In a former life I worked on an actuarial team in healthcare. The prevailing wisdom seemed to be that every number had more meaning when expressed as a four-digit decimal to the sales or marketing people. That’s why when we shipped out reports I would get so many calls that began, “Josh, what does this really mean?”

Living and breathing the data can be a good thing, but not when it causes a disconnect between the experts and the business. Today, working with database engineers, big data engineers, and data scientists, I constantly emphasize that you can't just put numbers on a page or things that look like database fields and expect the audience to find the insights. Data needs to be accessible, humanistic versus robotic, and usable versus meaningless.

A data literacy checklist

If you’re trying to address data literacy in your organization, make sure that you stress several elements of data literacy with your analyst or the team about to produce a report. This includes considering: 

  • the appropriate extraction of the data, and whether you are using the right charts to display it
  • the ideal user experience, so end-users are clear about what the report is pointing out
  • whether you’ve given the end-users the ability to make their own arguments using the visualizations
  • the proper elevation of the message to people who are not data experts 
  • perhaps most importantly, the value of the data in making better decisions

Although our executives may have some data science background, this is not the reason they are in charge of the company. They’re also tight for time. So the more complicated you make the end solution, the tougher it becomes for everyone. 

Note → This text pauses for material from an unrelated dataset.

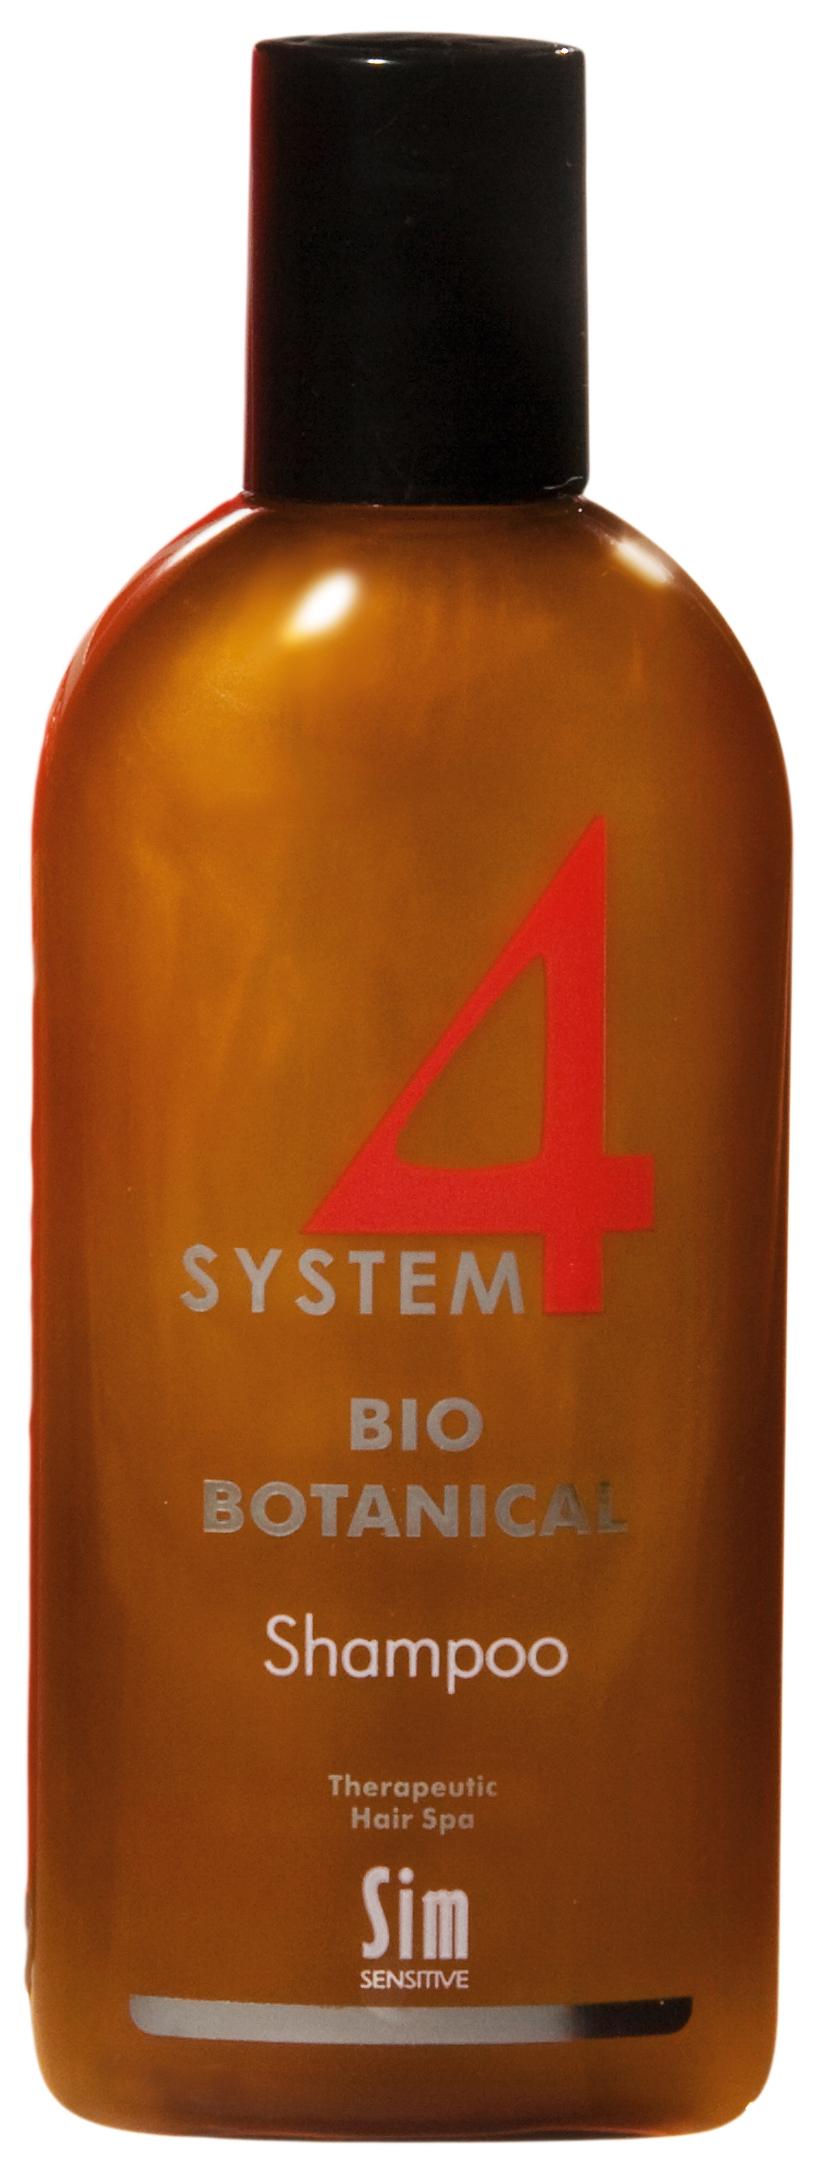 Шампунь Sim Sensitive System 4 Bio Botanical Shampoo для роста волос 215 мл

Just as a young child can pick up an iPad and use it without instruction, our users should find everything we produce intuitive. The ability to understand intuitively is the easiest way to bridge data literacy. What’s really hard is to say more with fewer words and less complicated visuals and charts. But if you look to some of the classic visualizations of all time, they manage to convey complexity but communicate it simply. It’s a tall order, but one worth shooting for as data leaders.